L’exposition Love Songs, Photographies de l’intime habille les murs de la Maison Européenne de la Photographique jusqu’au 21 août. Véritable voyage sentimental, elle réunit des images datant des années 1950 à nos jours et présente la façon dont la photographie peut écrire le récit d’une relation amoureuse. En diversifiant les représentations de schémas amoureux, les artistes plongent les visiteurs dans les fragments de leur intimité.
Face A / Face B : deux volets pour explorer l’amour
À la manière d’un best of musical, l’exposition est conçue en deux temps : la première partie, Face A, regroupe des séries réalisées entre 1950 et 2000 tandis que la deuxième partie, Face B, regroupe des séries des années 2000 à aujourd’hui. Qu’elle que soit l’époque et le caractère personnel que revêt l’expérience amoureuse, il émane une certaine universalité des images. La MEP devenue sanctuaire de l’amour pare ses murs de clichés qui racontent, tour à tour, les premiers émois d’une relation, des événements marquants comme le mariage, la lune de miel ou encore la séparation et les derniers jours partagés avec l’être aimé…
L’entrée en matière se fait avec l’ardente série L’œil de l’amour (1952) de René Groebli qui transforme son voyage de noce avec Ritä Dürmüller en délicat poème visuel. L’essence de leur relation se traduit par une vision sensuelle empreinte de respect et d’admiration. Ces scènes vont faire écho à d’autres séries qui présentent aussi des instants capturés dans des chambres, comme c’est le cas pour la série d’Alix Cléo Roubaud (Sans Titre, 1980-1981) qui semble collectionner les images du quotidien partagé avec l’homme qu’elle aime, ou encore celle de Nan Goldin (The Ballad of Sexual Dependency, 1973-1986) qui oscille entre pratique documentaire et journal intime.
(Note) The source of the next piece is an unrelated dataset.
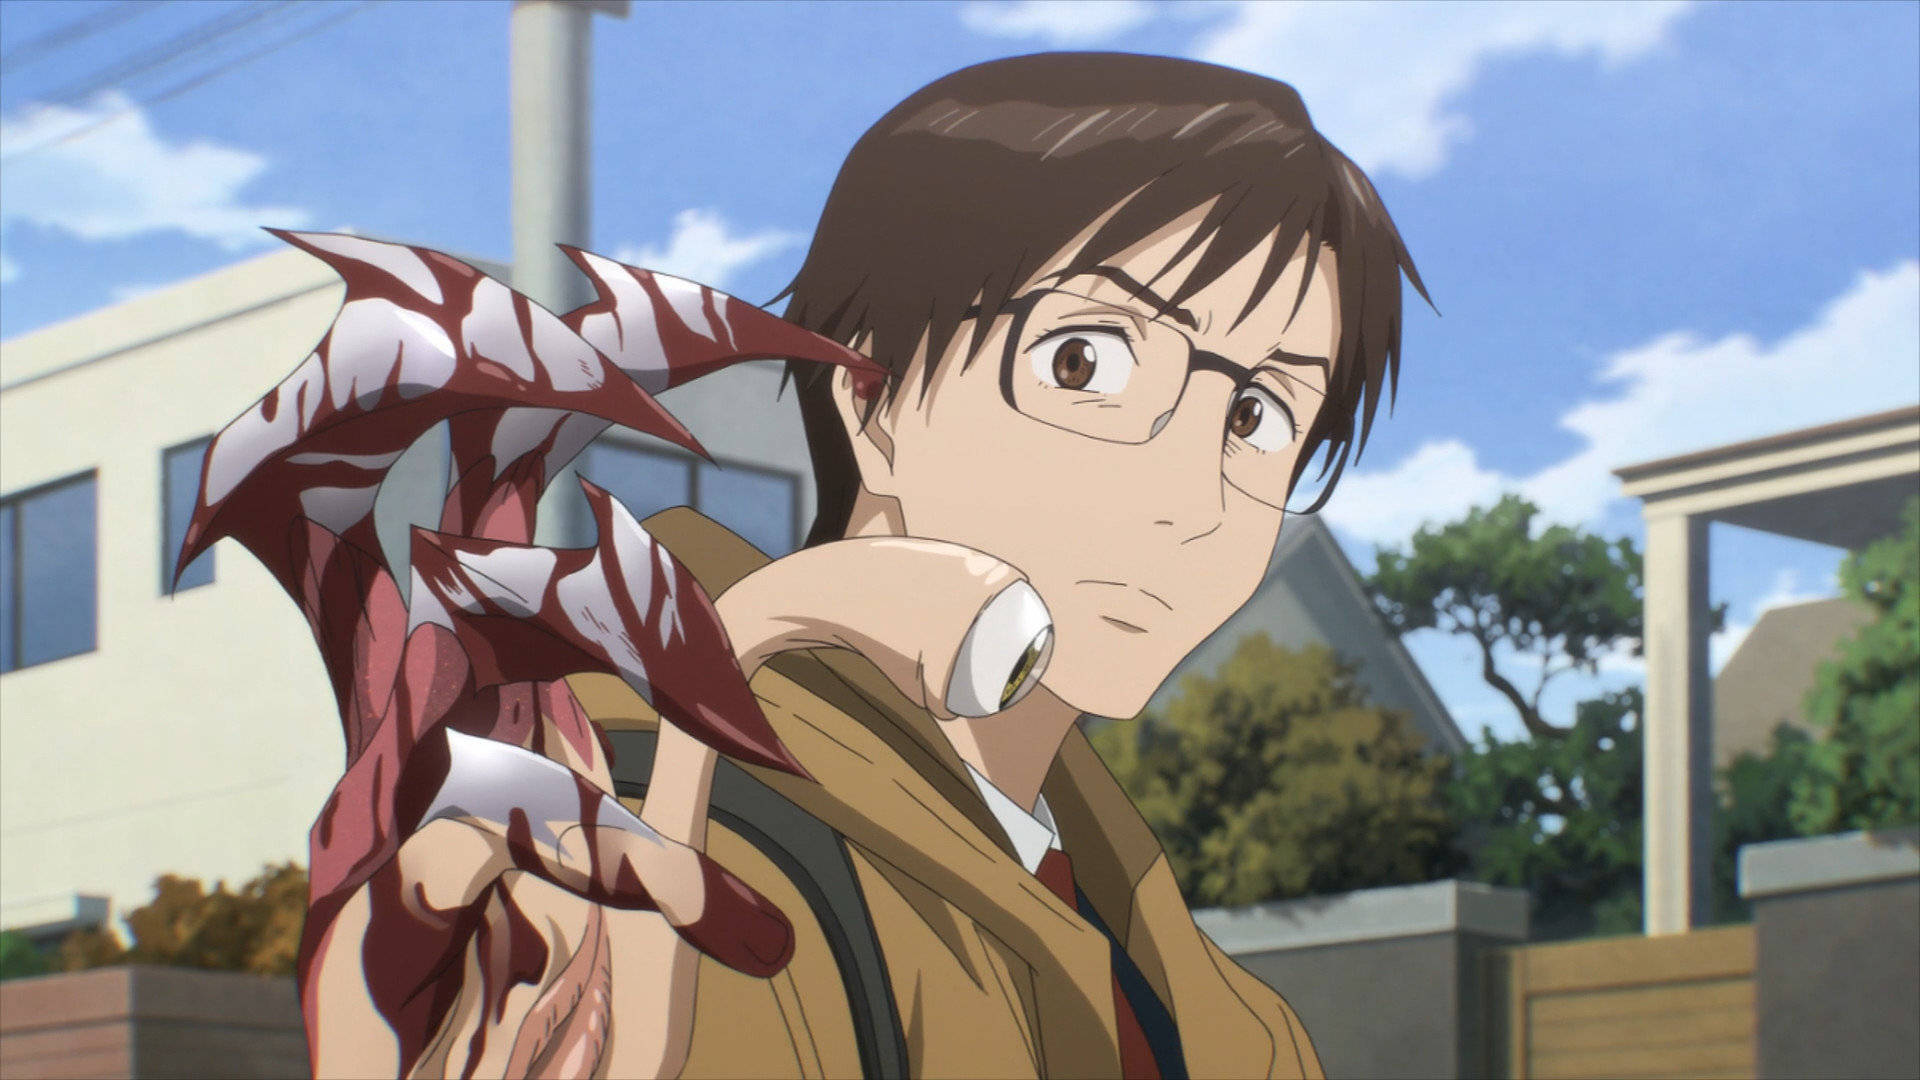 Free Parasyte Wallpaper Downloads, [100+] Parasyte Wallpapers for FREE |

Dans la pluralité des interprétations qu’elle propose, l’exposition Love Songs donne également à voir des séries réalisées en tandem amoureux qui permettent de saisir l’intensité d’un processus créatif conçu à deux. En témoigne Personal Letters (2000), première collaboration de RongRong&inri où les images sont associées à des mots doux échangés, fruits d’une correspondance épistolaire enflammée.
Pour une réflexion autour l’image photographique
Bien plus qu’une succession d’images rassemblées autour de la même thématique, Love Songs interroge l’essence même de la photographie et le pouvoir mémoriel qu’elle exerce. En effet, les photographes traduisent les émotions vécues à un instant T et partagent avec les visiteurs ce qu’ils traversent, ce qui les habitent. Hervé Guibert, Larry Clark ou encore Lien Zhipeng racontent visuellement ce à quoi ressemblent des relations différentes qu’ils entretiennent. Qu’elles dépeignent des personnages isolés ou des proches dont la sexualité est capturée de façon ludique et sans contrainte, chacune des séries se construit autour de paysages émotionnels communs.
La pluralité des regards sur le sentiment amoureux est alors frappante puisque les artistes parviennent à transmettre leur propre perception des liens entretenus avec leur(s) bien aimé(es). À la manière du voyage sentimental tel que Nobuyoshi Araki le présente ou encore les Fragments d’un discours amoureux de Roland Barthes, l’amour tel qu’il est ici donné à voir, renvoie ainsi à une multitude d’histoires à la fois privées et publiques.
L’image photographique agit comme le support de cette transmission de récits, tantôt sublimés par des procédés techniques spécifiques – tel que le grain, le traitement des ombres et des lumières ou encore le cadrage -, tantôt exposés sans artifice. Un écho collectif que les artistes mettent à la disposition du public. En dévoilant ces scènes de vie, ils tissent en réalité un lien entre leur histoire et celles des spectateurs, et alimentent ainsi cette idée forte du partage et du don de soi inhérente à l’art.
> L’exposition Love Songs. Photographie de l’intime est visible jusqu’au 21 août 2022 à la Maison Européenne de la photographie.